The way I did it was to port wakaama and tinydtls to ESP32, about 90% of it worked without any modification, I've added WiFiManager and NTP Client to the mix and it just worked. (not very efficiently in terms of size though, but good enough for my experiment, the firmware was about 1.2MB in case you're wondering, out of it DTLS and Wakaama were about 100kb-200kb each and took about 6-10kb of RAM, leaving me with about 210kb of RAM which is not bad.)

As soon as it started connecting to my local Leshan Server, I've hooked into the firmware object the update function I've wrote, most of it based on esp-idf OTA with custom certificate validation and I've had a complete solution, the firmware and the signature would be sent over http/https, the completed firmware will be validated against the stored certificate and if it worked, the device will attempt to boot into the new firmware,a few diagnostics will be executed and if the device achieved connectivity and stability, it will mark the new firmware as valid.

The fun part started when I've sent the package URI (/5/0/1) to the device through Leshan Server and Executed the update (/5/0/2), the firmware was downloaded from a local web server, the device validated the firmware and finally rebooted into the new firmware.

Why firmware over-the-air is so important?

Lets agree that time to market is a critical business need, more than once we hear about superior devices and software being ditched because a significant player already got a grip on the market and trying to push a new product is hard if not impossible at times. Many times its the first product or the first player that wins the game.

To achieve a significantly short time to market compromises needs to be made, sometimes a scaled down product, less features and even compromises on a thinner layer of security are essential to get the product out of the door. Once a product gains significant traction and more resources becomes available, a better product can be developed, a more robust firmware, features as well as better security or even security vulnerabilities needs to be deployed while there is no physical access to devices. More over, device recall can kill a business and most companies try to avoid it at any cost. literally.
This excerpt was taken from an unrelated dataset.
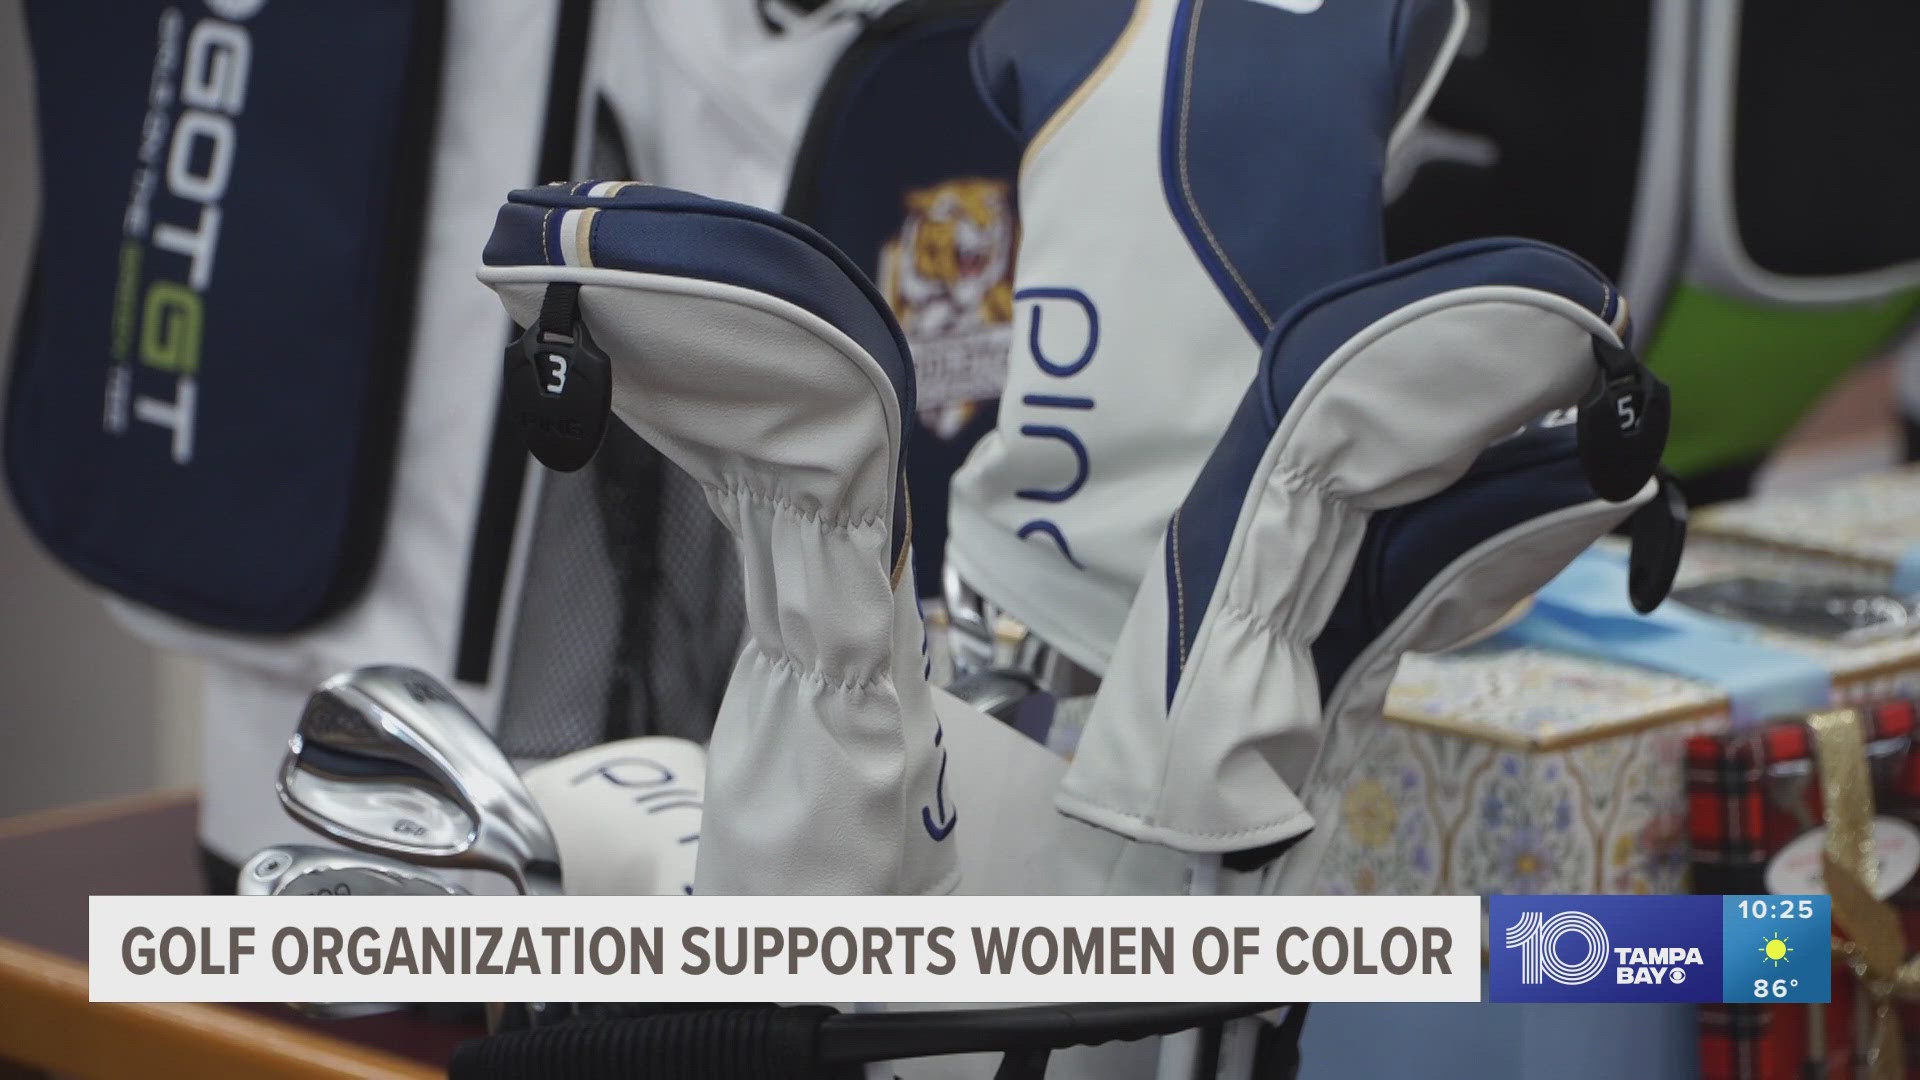 Middleton High School girls' golf team received $14,000 in new equipment from a partnership between two groups hoping to increase diversity in the sport.

This is where firmware over-the-air comes in, assuming the device can connect to some kind of network, either by WiFI, or GPRS/3G or even SMS and LORA, it should be able to pull a firmware update when needed or it becomes available.
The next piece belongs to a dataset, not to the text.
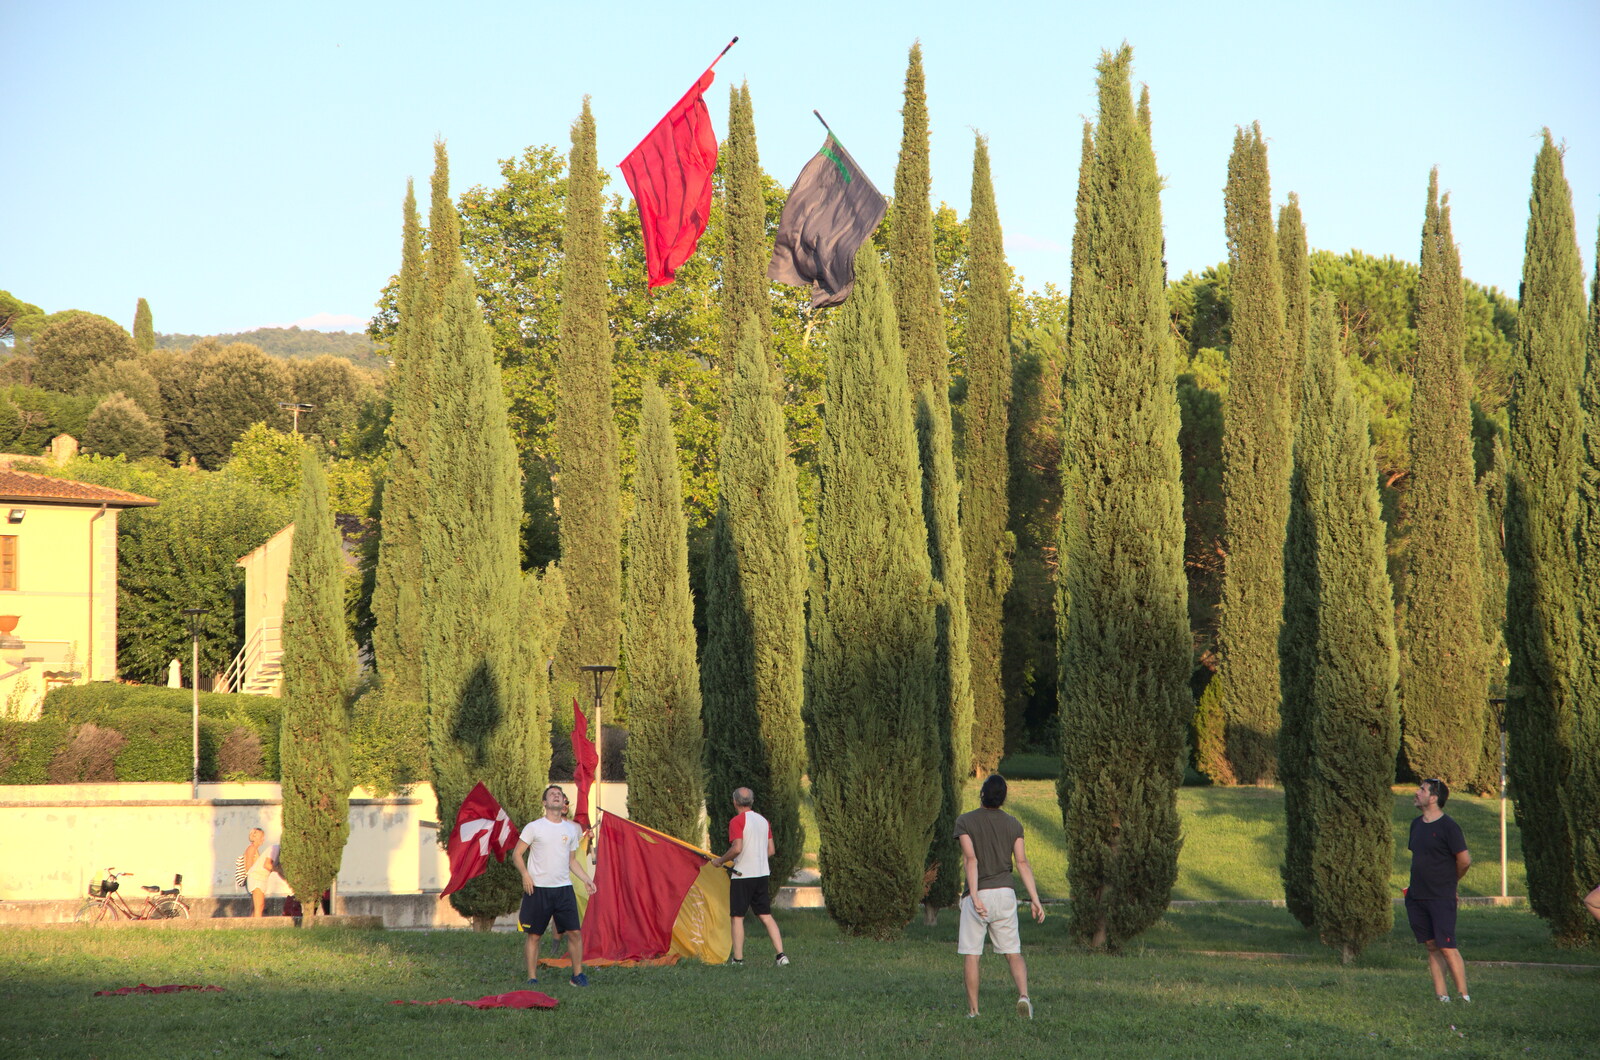 The Flags of Arezzo, Tuscany, Italy - 28th August 2022: There's some flag-hurling practice

How does firmware over-the-air works?

Once a device has connectivity, it can either pull a firmware, for example from HTTP server or can be pushed a firmware, for example through COAP blockwise transfers, lets assume its relatively simple to implement it or already has a library available.

To support firmware updates more than once, the device will keep track on two partitions and switch between them every time the firmware is updated, this way the old firmware is kept until the device determines the new firmware is good enough to switch to permanently.
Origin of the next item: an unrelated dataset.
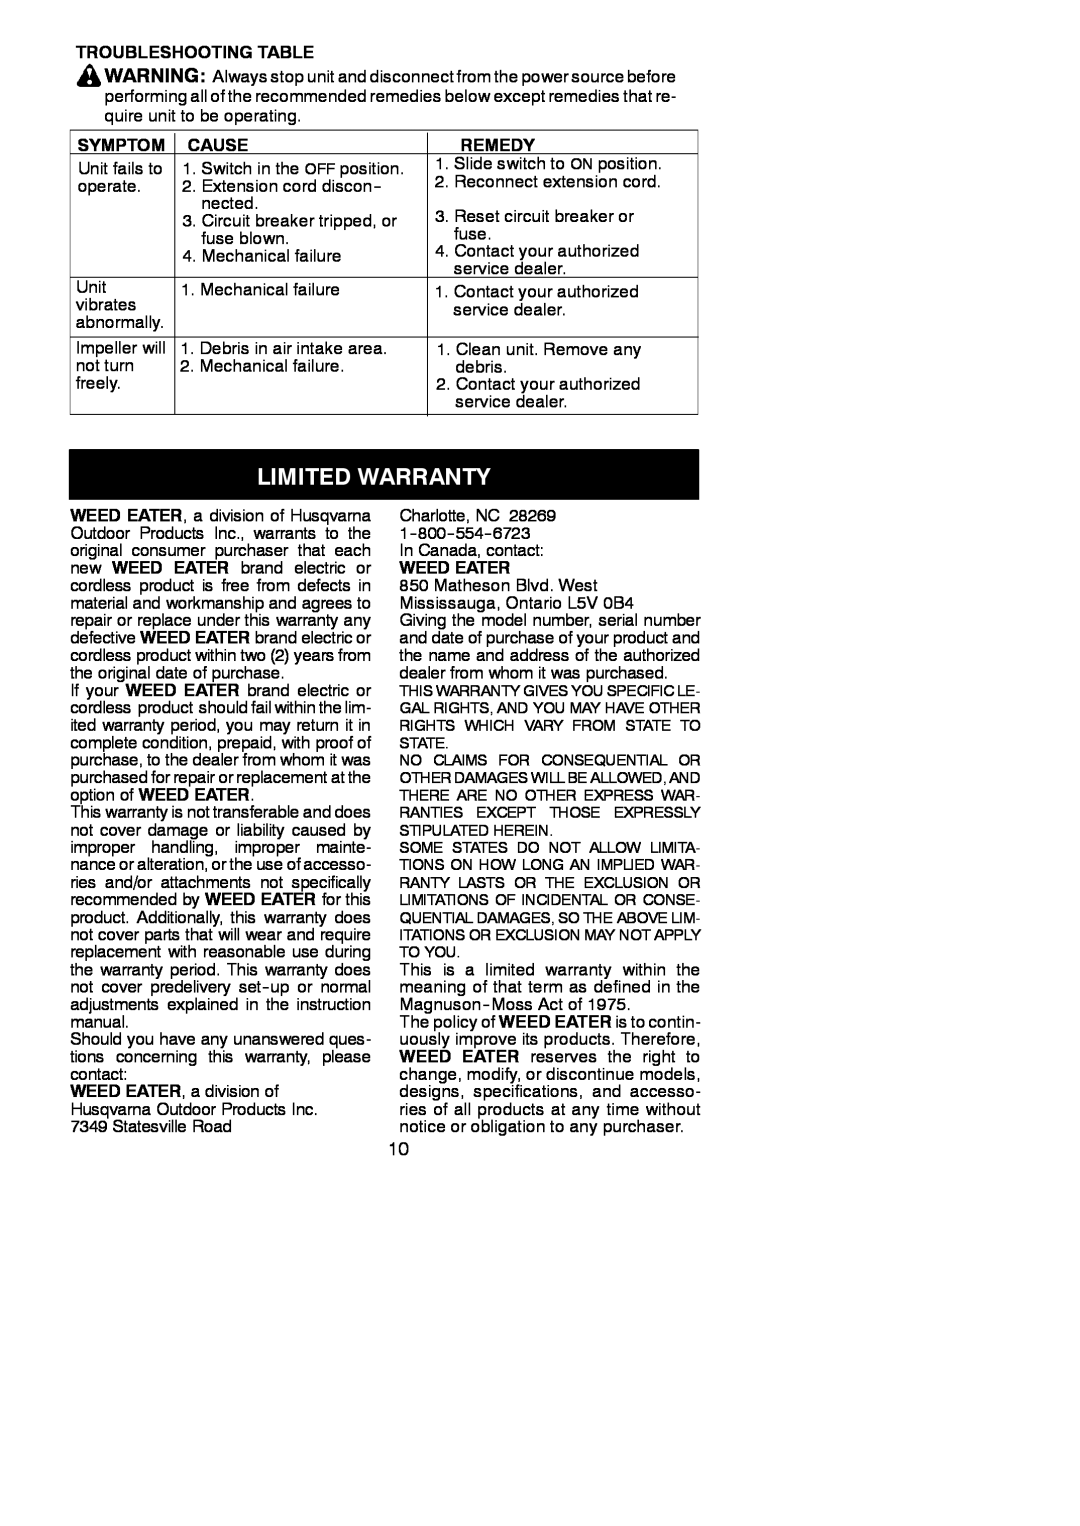 Weed Eater 952711474 instruction manual Limited Warranty, Troubleshooting Table, Symptom, Cause, Remedy, Weed Eater

Lets drill down to the specifics of one way OTA can be implemented

  1. a device is configured with 2 application partitions, one for the factory application and a 2nd is left empty for future update.
  2. a device is notified of an available firmware, the OTA process can start.
  3. the device determines the next OTA partition for use, if it just went out of the factory, the 2nd partition is empty, if OTA was completed successfully, the first partition is available for the next update.
  4. firmware is downloaded directly to the available partition.
  5. the device validates the new firmware, for example with a checksum and/or a certificate.
  6. the device boots into the partition and makes sure it works as designed, so it checks the various sensors, network connectivity can still be achieved and either marks the new firmware as valid or invalid, if it crashes, either intentionally or through a watchdog, it will reboot back into the old partition.
I would argue that adding a secure validation on the new firmware is very important even if its only so it will not become another zombie in a large botnet.

The way I've implemented security in my experiment is as follows:

1. Generate a self signed certificate:
openssl req -x509 -newkey rsa:4096 -keyout key.pem -out cert.pem -days 365
2. Extract the public key:
openssl x509 -pubkey -noout -in cert.pem > pubkey.pem
3. Copy the public key into a certificate.h file
4. Create a new firmware and sign it:
openssl dgst -sha256 -sign key.pem -out firmware.signature firmware.bin
5. Copy both files to a web server, set the package URI and Execute the Update.

Though if you want to implement secure firmware on ESP32, you can do it "by the book".

OMA LWM2M Includes many device management options and includes on-boarding procedures, which is very important once your production reaches a certain number of devices since you won't be able to do it manually anymore.

You can monitor, configure and control your devices, you can request to be notified using the Observe mechanism and you can query the device state, send commands so the device will turn on or off a certain actuator, reset to factory defaults or even remote wipe a device if it comes to it.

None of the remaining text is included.